A team observed supernova SN 2024ggi within hours of its explosion, using the ESO’s VLT about 26 hours after first detection to capture the breakout phase of a red supergiant ~22 million light-years away. Spectropolarimetry revealed an initial olive-shaped blast that flattened while maintaining a stable symmetry axis. These early observations constrain explosion mechanisms, prompt model revisions, and enable more accurate visualisations of stellar deaths.
Astronomers Catch a Newborn Supernova Just Hours After Its Explosion
A team observed supernova SN 2024ggi within hours of its explosion, using the ESO’s VLT about 26 hours after first detection to capture the breakout phase of a red supergiant ~22 million light-years away. Spectropolarimetry revealed an initial olive-shaped blast that flattened while maintaining a stable symmetry axis. These early observations constrain explosion mechanisms, prompt model revisions, and enable more accurate visualisations of stellar deaths.
10:45 PM, 11/13/2025Science
Astronomers Catch a Newborn Supernova Just Hours After Its Explosion
Only hours after it first flared, teams of astronomers captured the immediate aftermath of a nearby supernova, offering an unprecedented look at the earliest moments of a massive star’s death. A study published in Science Advances reports that rapid action and precise geometric analysis revealed new clues about how some of the universe’s most powerful explosions unfold.
Rapid response and a lucky window
On April 10, 2024, astronomers mobilized to document supernova SN 2024ggi. Co-author Yi Yang of Tsinghua University learned of the detection shortly after arriving in San Francisco. About 12 hours later he submitted an observing request to the European Southern Observatory (ESO). The ESO approved the request quickly, and staff at the ESO’s Very Large Telescope (VLT) in Chile pointed the array toward the Hydra constellation, where the exploding star lies roughly 22 million light-years from Earth. In all, it took about 26 hours from first detection to collecting VLT observations — fast enough to witness a never-before-seen phase in the death of a red supergiant.
“The first VLT observations captured the phase during which matter accelerated by the explosion near the centre of the star shot through the star’s surface. For a few hours, the geometry of the star and its explosion could be, and were, observed together,”
— Dietrich Baade, ESO astronomer and study co-author.
What happens when a massive star dies
Most stars remain roughly spherical while nuclear fusion in their cores balances gravity. When fusion fuel runs out in a very massive star, the core collapses. For scale, SN 2024ggi began with a mass of about 12–15 times that of the Sun and a radius roughly 500 times solar. The imploding core causes outer shells to plunge inward and then rebound outward as shock waves. Those waves weaken the outer layers until they burst through the surface — the moment the star becomes a true supernova, releasing intense light and energy.
Seeing the breakout geometry
Unlike most studies that begin after shock interaction with surrounding material, the VLT observations captured the very first breakout geometry — the shape produced when the explosion first pierces the star’s surface and before substantial interaction with circumstellar matter. To decode this tiny angular structure the team used spectropolarimetry, a technique that measures the polarization of light across different wavelengths to reveal three-dimensional geometry at small scales.

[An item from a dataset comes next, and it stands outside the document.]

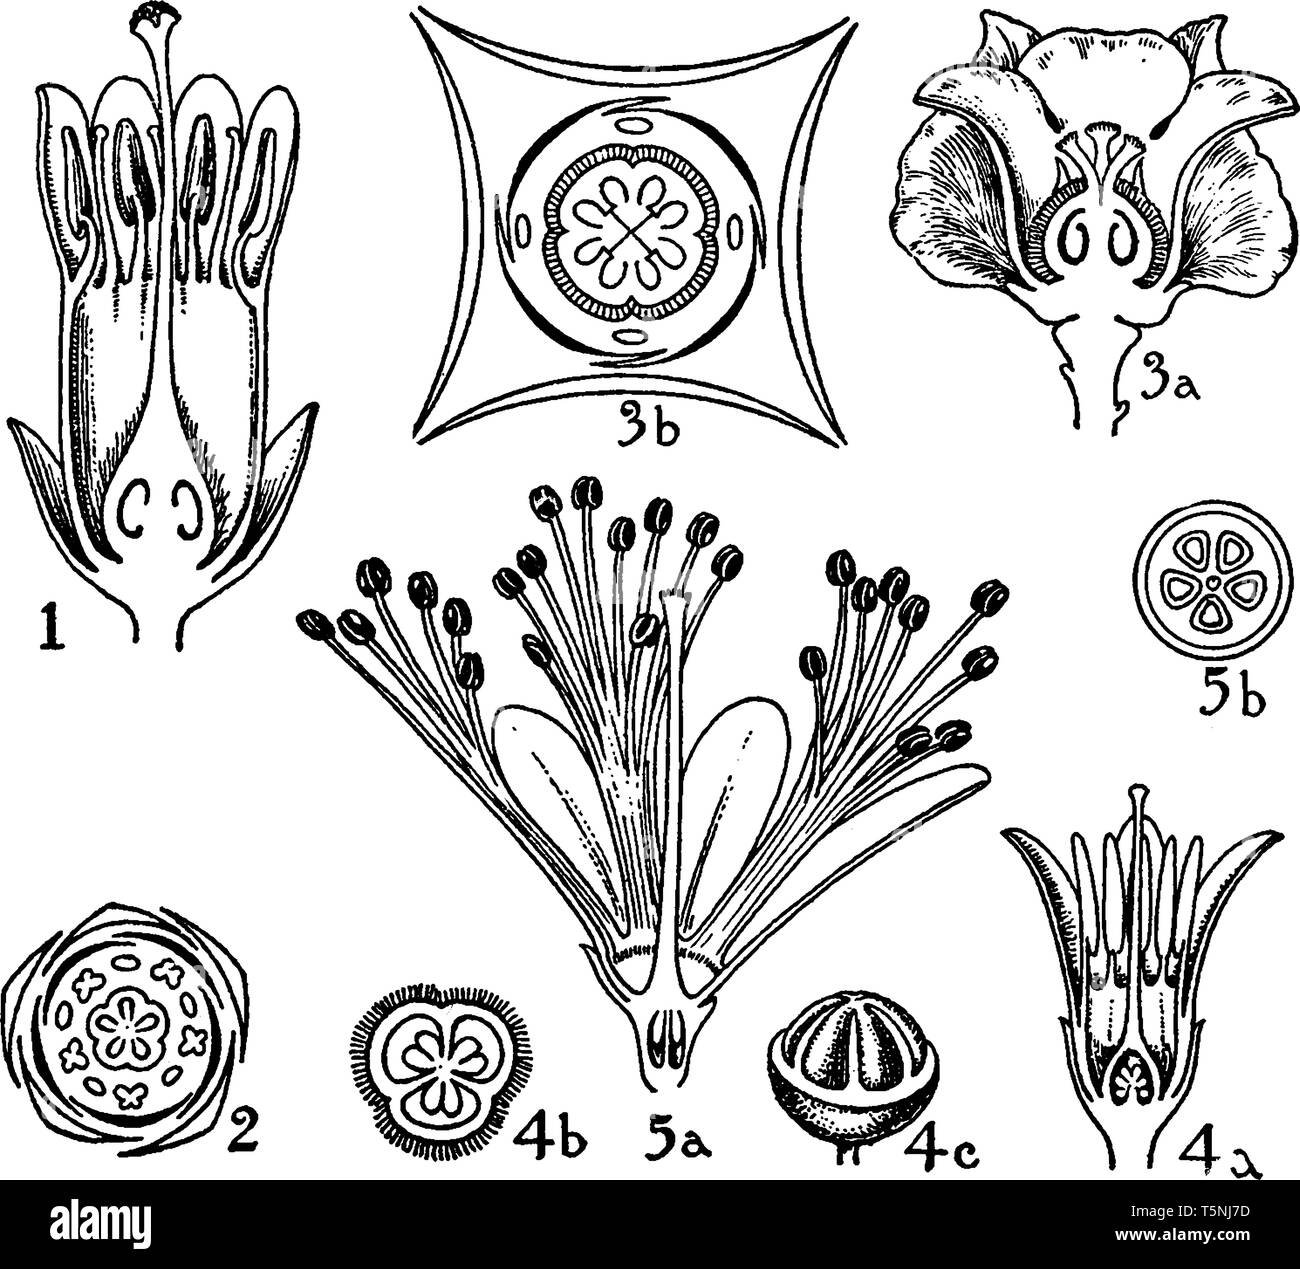 Orders of Sapotaceae, Ebenaceae, Styracaceae, and Symplocaceae are a family of flowering plants belonging to order Ericales, vintage line drawing or e Stock Vector

“Spectropolarimetry delivers information about the geometry of the explosion that other types of observation cannot provide because the angular scales are too tiny,”
— Lifan Wang, astronomer and study co-author.
Using spectropolarimetry and complementary instruments, the researchers found that SN 2024ggi’s first blast created an olive-shaped region around the progenitor. As the explosion expanded and interacted with nearby material, that shape flattened while the ejecta retained a stable symmetry axis.
“These findings suggest a common physical mechanism that drives the explosion of many massive stars, which manifests a well-defined axial symmetry and acts on large scales,”
— Yi Yang, co-author.
Implications and next steps
The new data already lead researchers to discard some existing theoretical models and refine others. The observations set stricter constraints on how asymmetry and axial symmetry develop during core-collapse explosions, improving our understanding of stellar evolution and supernova physics. The detailed results have also helped illustrators produce some of the most accurate visual reconstructions yet of a supernova’s birth.
“This discovery not only reshapes our understanding of stellar explosions, but also demonstrates what can be achieved when science transcends borders,” said Ferdinando Patat, ESO astronomer and study co-author.
Bottom line: Fast coordination and spectropolarimetric observations of SN 2024ggi captured the earliest breakout phase of a red supergiant’s explosion, revealing an initially olive-shaped blast that flattens as it expands — a result that refines models of how massive stars explode.